Relationships to Other Record Types
The residues presented on the SEQRES records must agree with those found in the ATOM records. DBREF refers to the corresponding entry in the sequence databases. SEQADV lists all discrepancies between the entry's sequence for which there are coordinates and that referenced in the sequence database. MODRES describes modifications to a standard residue.
Example
1 2 3 4 5 6 7 1234567890123456789012345678901234567890123456789012345678901234567890 SEQRES 1 A 21 GLY ILE VAL GLU GLN CYS CYS THR SER ILE CYS SER LEU SEQRES 2 A 21 TYR GLN LEU GLU ASN TYR CYS ASN SEQRES 1 B 30 PHE VAL ASN GLN HIS LEU CYS GLY SER HIS LEU VAL GLU SEQRES 2 B 30 ALA LEU TYR LEU VAL CYS GLY GLU ARG GLY PHE PHE TYR SEQRES 3 B 30 THR PRO LYS ALA SEQRES 1 C 21 GLY ILE VAL GLU GLN CYS CYS THR SER ILE CYS SER LEU SEQRES 2 C 21 TYR GLN LEU GLU ASN TYR CYS ASN SEQRES 1 D 30 PHE VAL ASN GLN HIS LEU CYS GLY SER HIS LEU VAL GLU SEQRES 2 D 30 ALA LEU TYR LEU VAL CYS GLY GLU ARG GLY PHE PHE TYR SEQRES 3 D 30 THR PRO LYS ALA
Known Problems
Polysaccharides do not lend themselves to being represented in SEQRES.
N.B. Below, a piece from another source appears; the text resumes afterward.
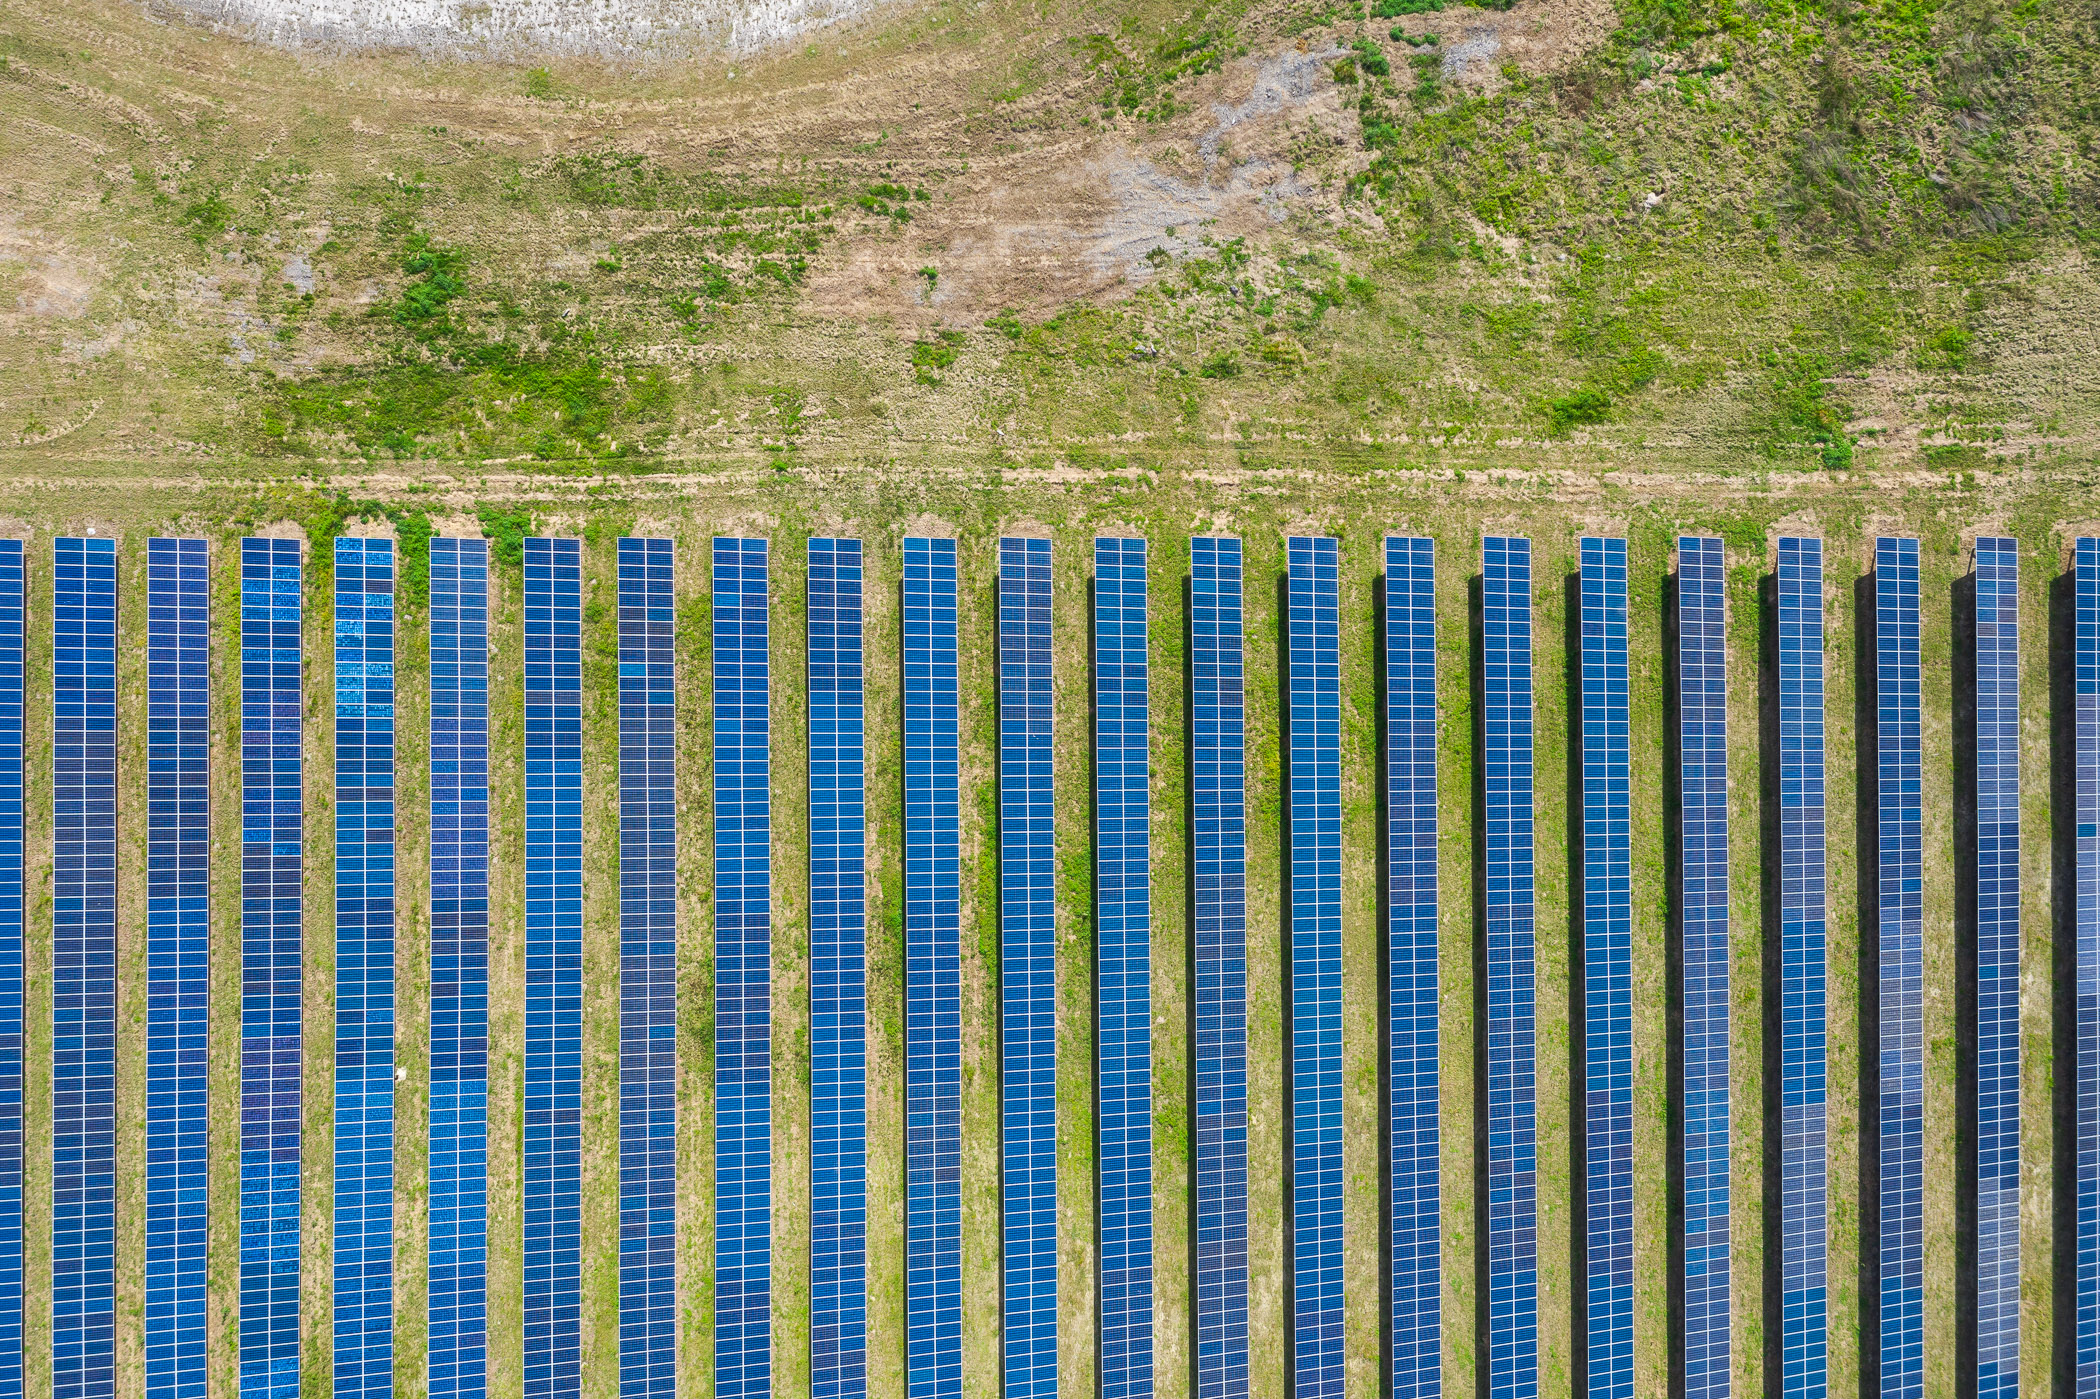 Drone Photographer from Atlanta Shoots Solar Farm

There is no mechanism provided to describe sequence runs when the exact ordering of the sequence is not known.
For cyclic peptides, PDB arbitrarily assigns a residue as the N-terminus.
For microheterogeneity only one of the possible residues in a given position is provided in SEQRES.
No distinction is made between ribo- and deoxyribonucleotides in the SEQRES records. These residues are identified with the same residue name (i.e., A, C, G, T, U).